- [TASK DIRECTIONS]:
Reproduce the data below exactly as written. Pictures do not belong in the copy.

- [DATA PROVIDED]:
- - - -

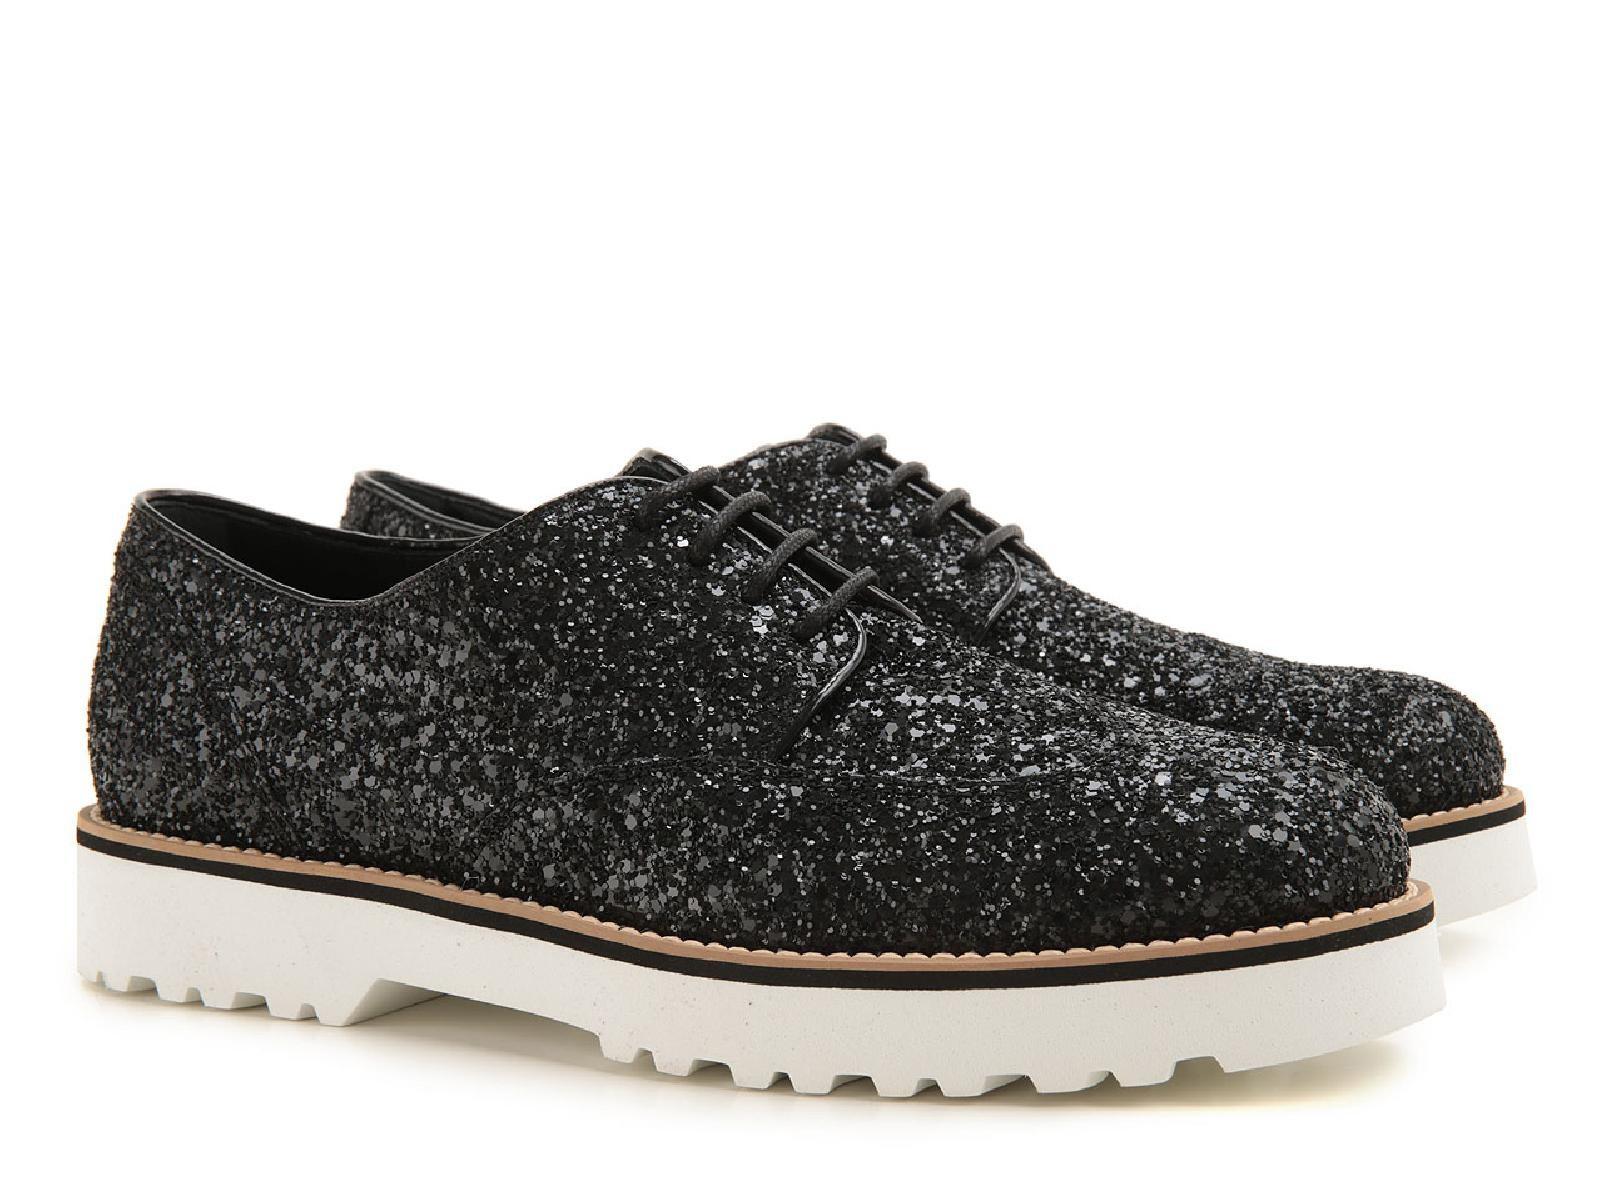 chaussures lacets hogan femme en cuir et paillettes italian boutique. Black Bedroom Furniture Sets. Home Design Ideas
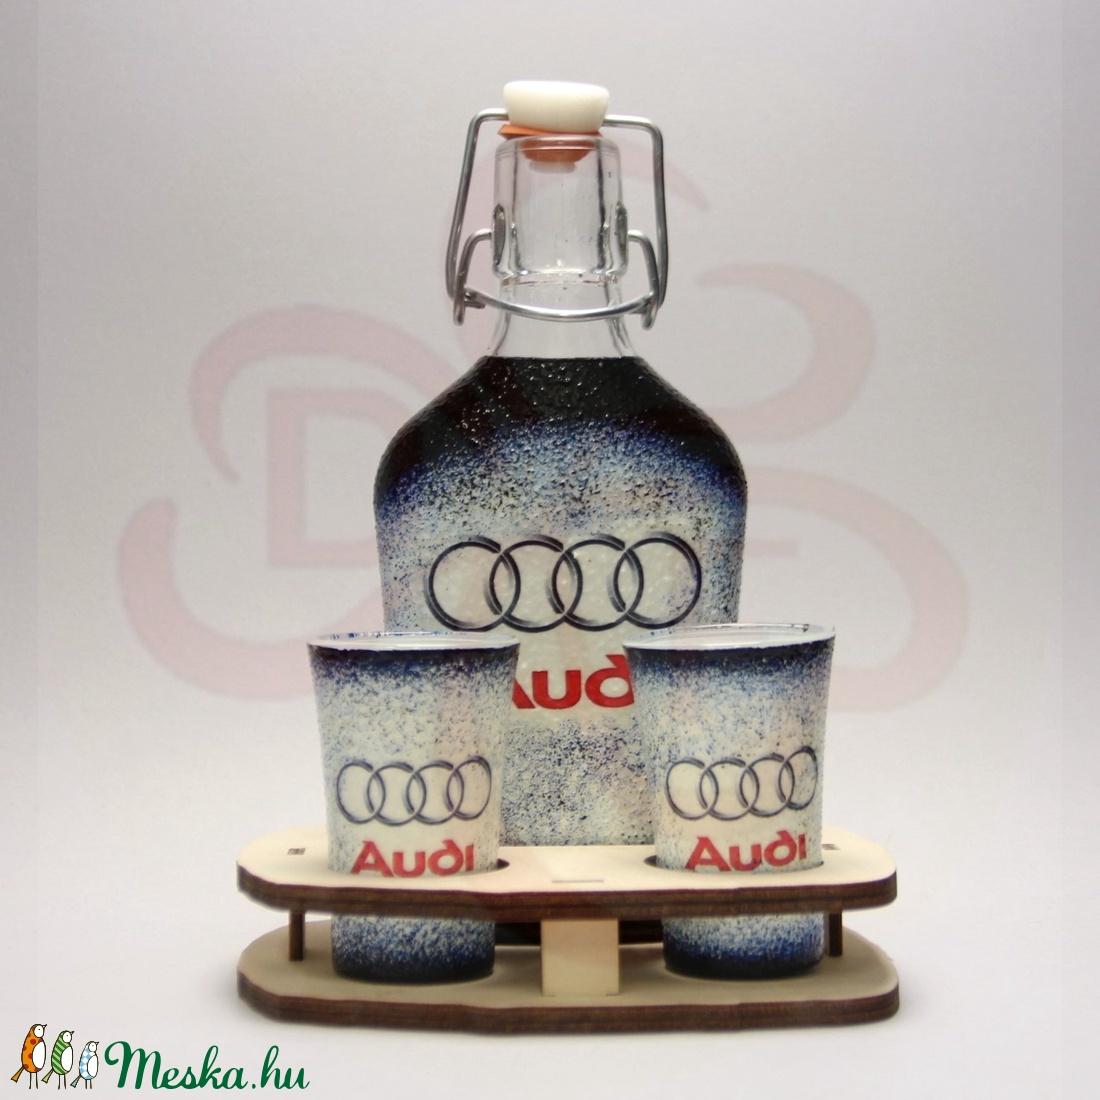 Audi ital készlet ; Audi rajongó férfiaknak - Meska.hu
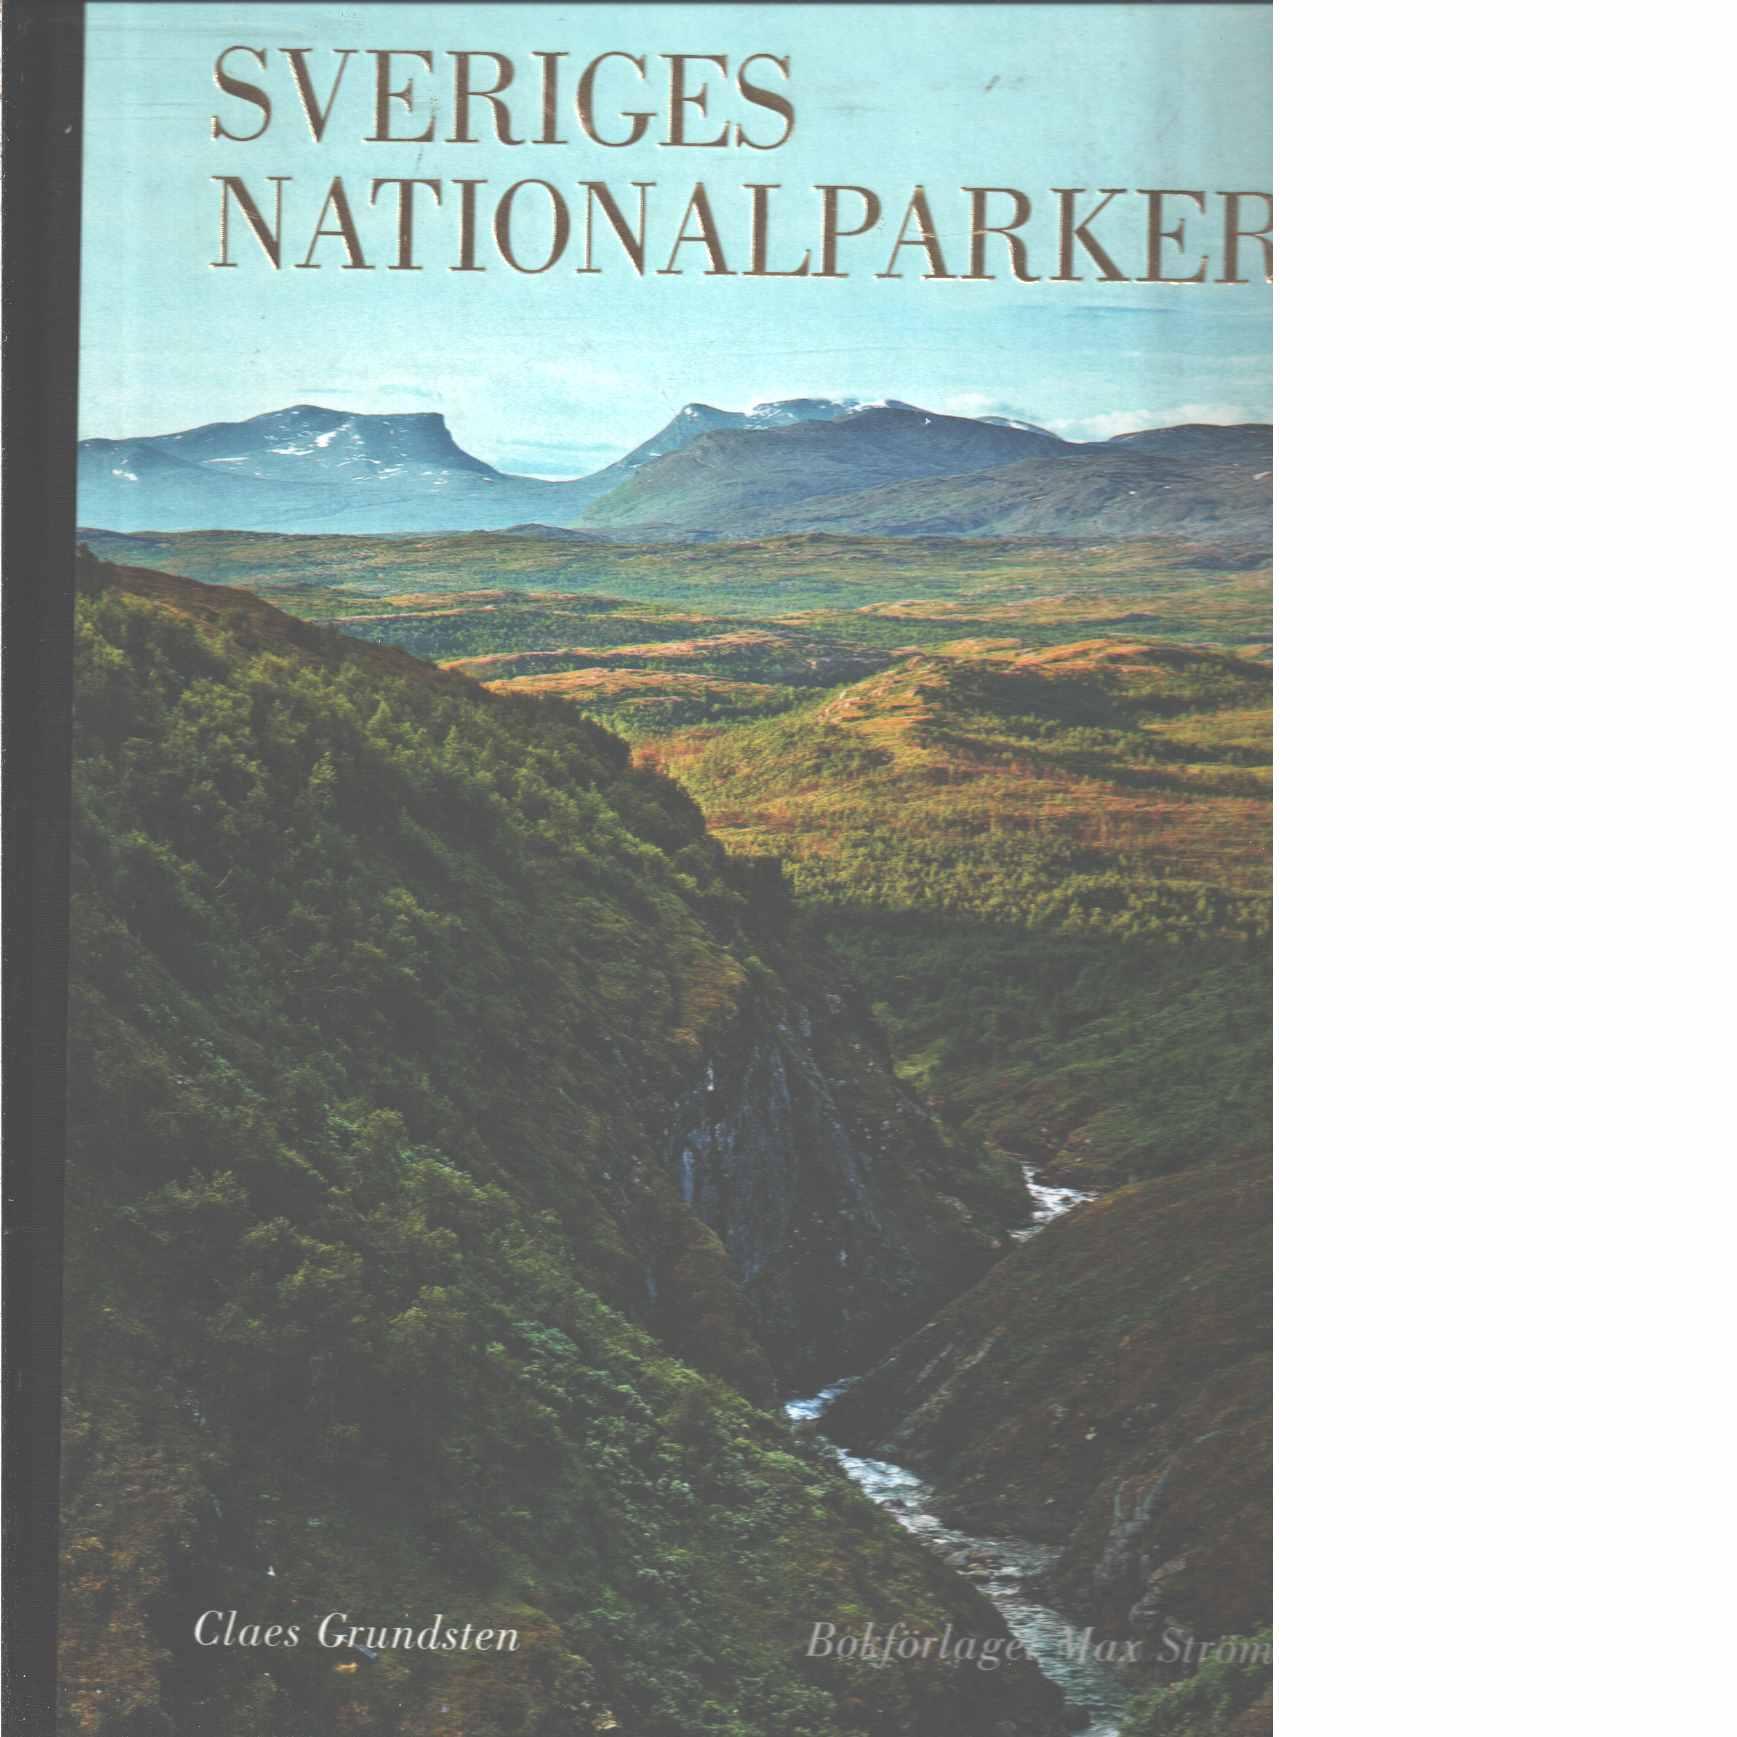 Sveriges nationalparker  - Grundsten, Claes,

- - - -

- [EXPECTED ANSWER]:
 chaussures lacets hogan femme en cuir et paillettes italian boutique. Black Bedroom Furniture Sets. Home Design Ideas
 Audi ital készlet ; Audi rajongó férfiaknak - Meska.hu
 Sveriges nationalparker  - Grundsten, Claes,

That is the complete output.